▸ GIVEN ENTRIES:
※
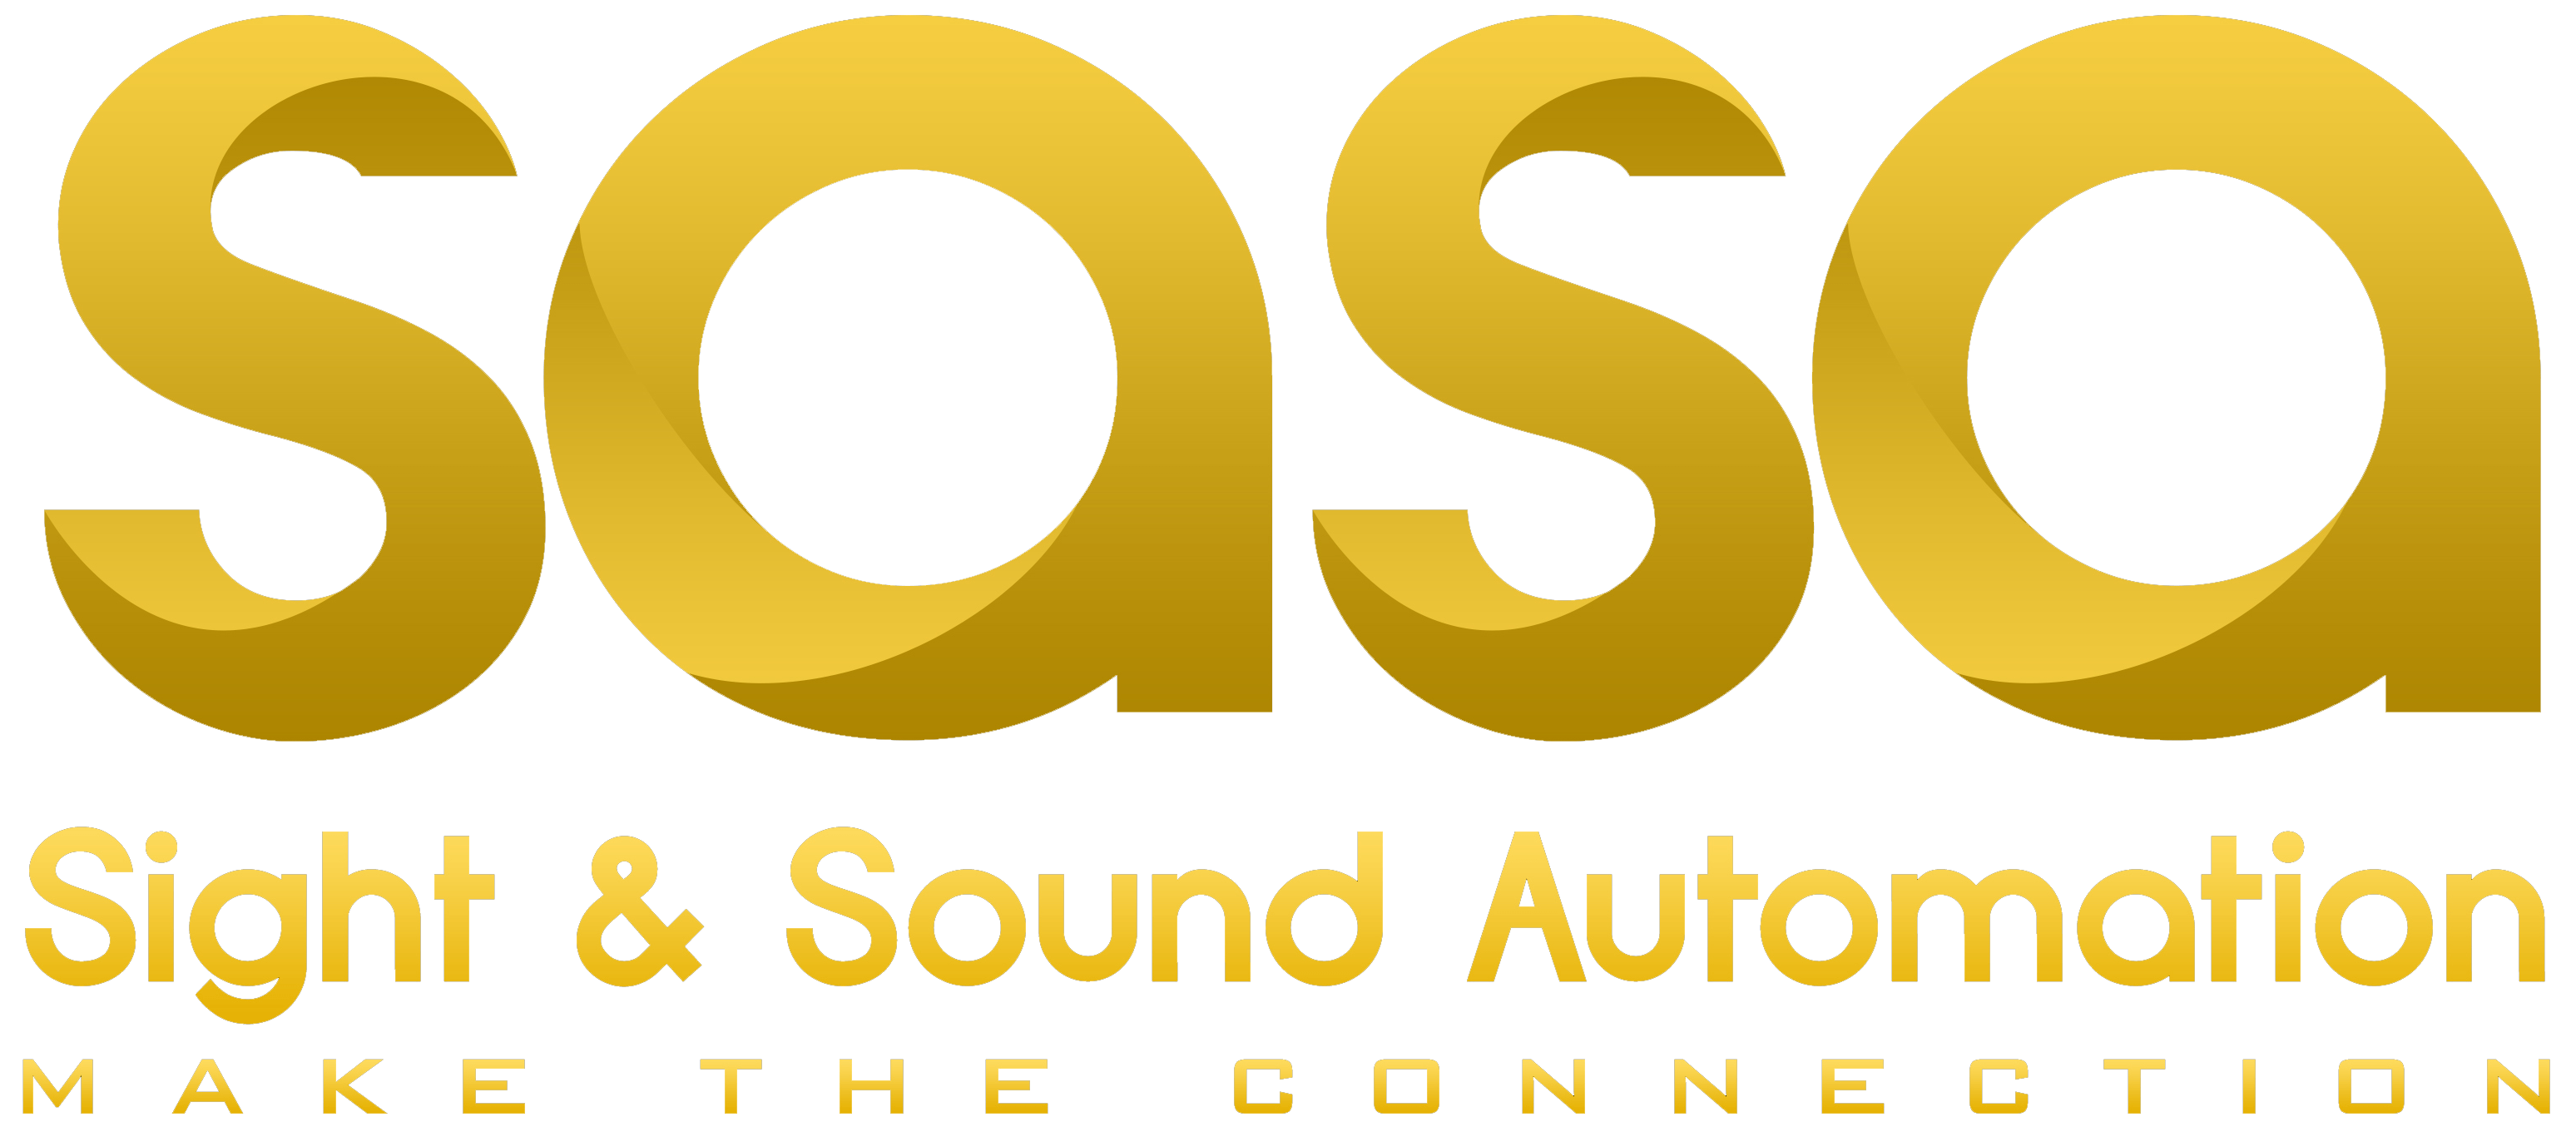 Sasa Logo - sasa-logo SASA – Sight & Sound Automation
※
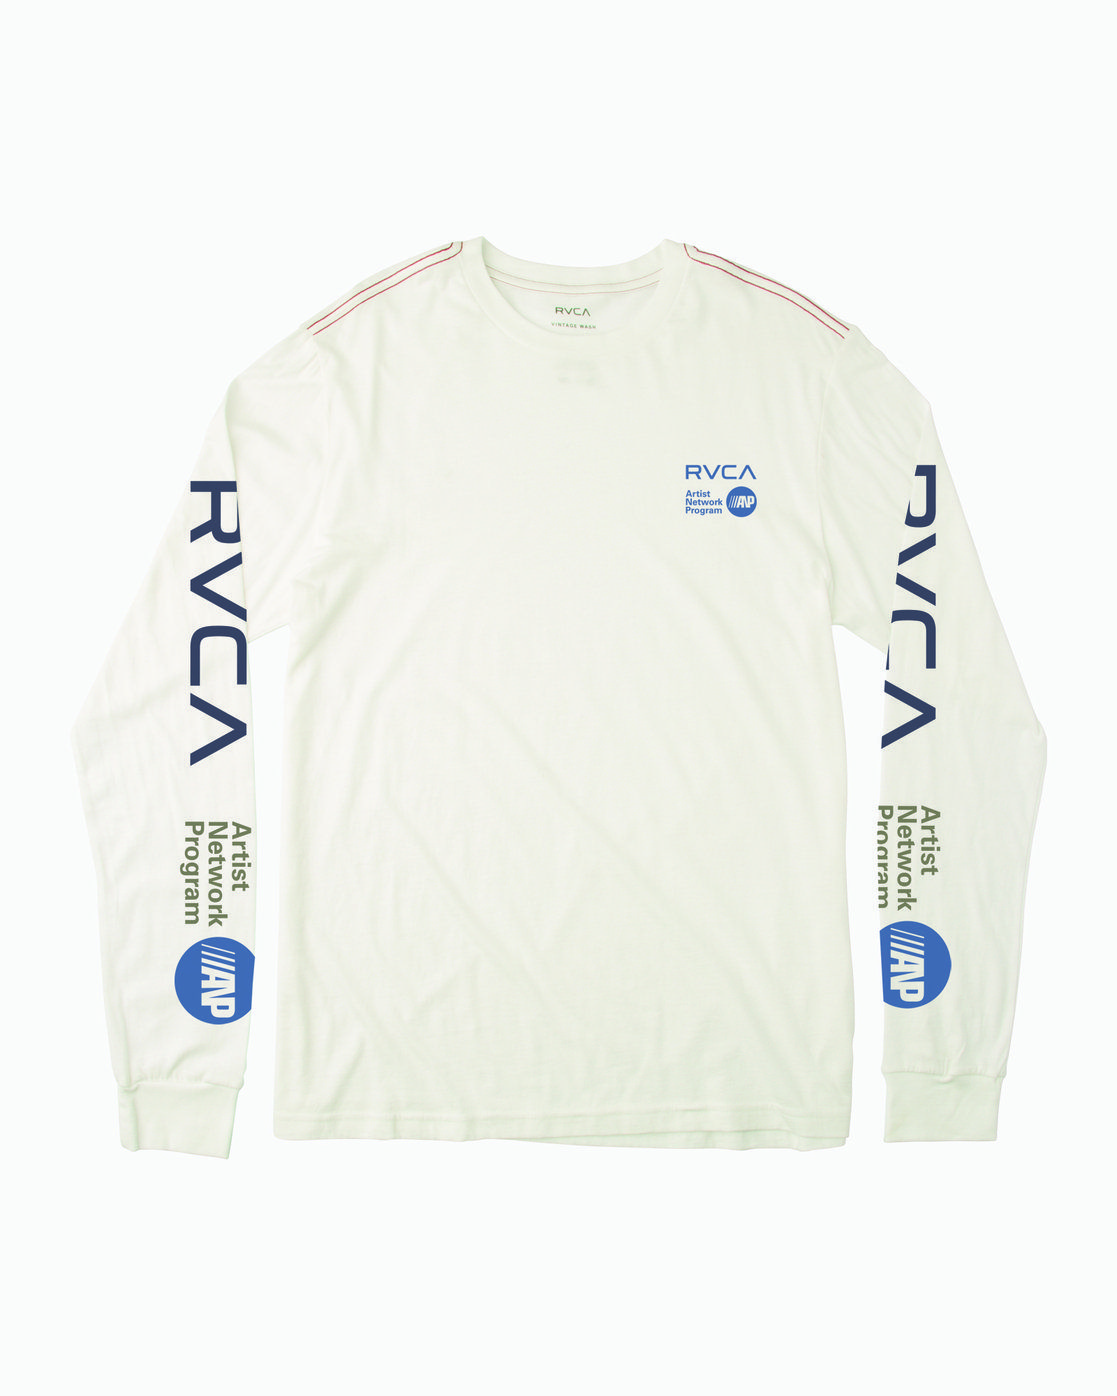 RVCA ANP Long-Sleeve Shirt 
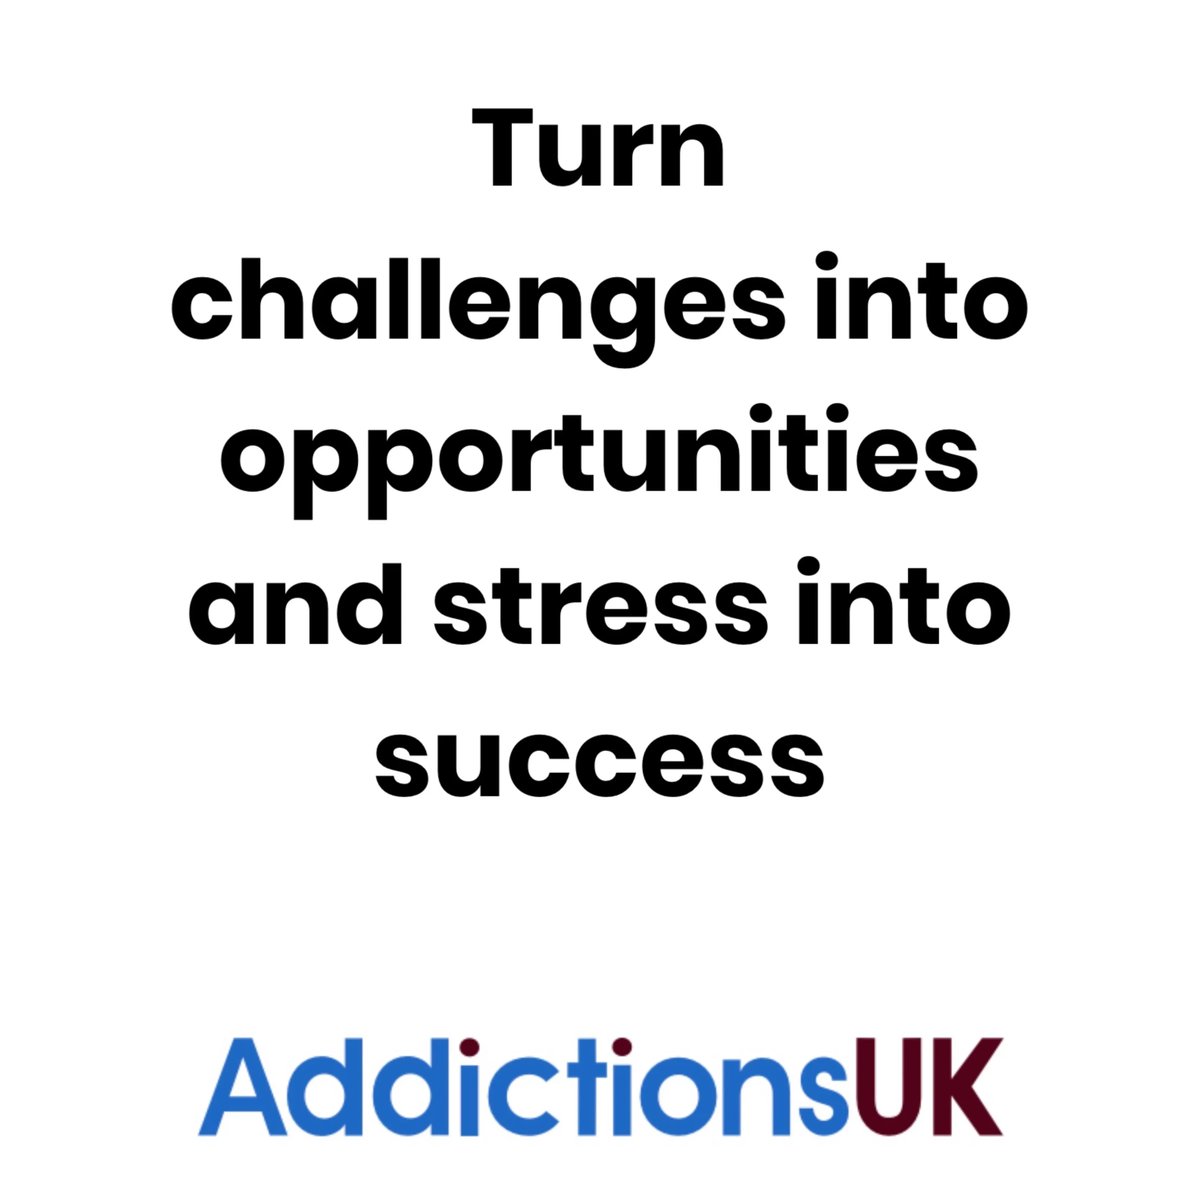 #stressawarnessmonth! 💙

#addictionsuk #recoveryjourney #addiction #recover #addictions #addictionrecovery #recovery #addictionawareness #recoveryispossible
※
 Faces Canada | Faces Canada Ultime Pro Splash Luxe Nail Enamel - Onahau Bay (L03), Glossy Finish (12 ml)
※
▸ ASSIGNED TASK: Everything above from the line with "RVCA ANP Long-Sleeve Shirt" through the line with "#addictionsuk #recoveryjourney #addiction" should be retyped exactly, and nothing else; omit pictures.

▸ RESULT FOR THIS TASK:
 RVCA ANP Long-Sleeve Shirt 
 #stressawarnessmonth! 💙

#addictionsuk #recoveryjourney #addiction #recover #addictions #addictionrecovery #recovery #addictionawareness #recoveryispossible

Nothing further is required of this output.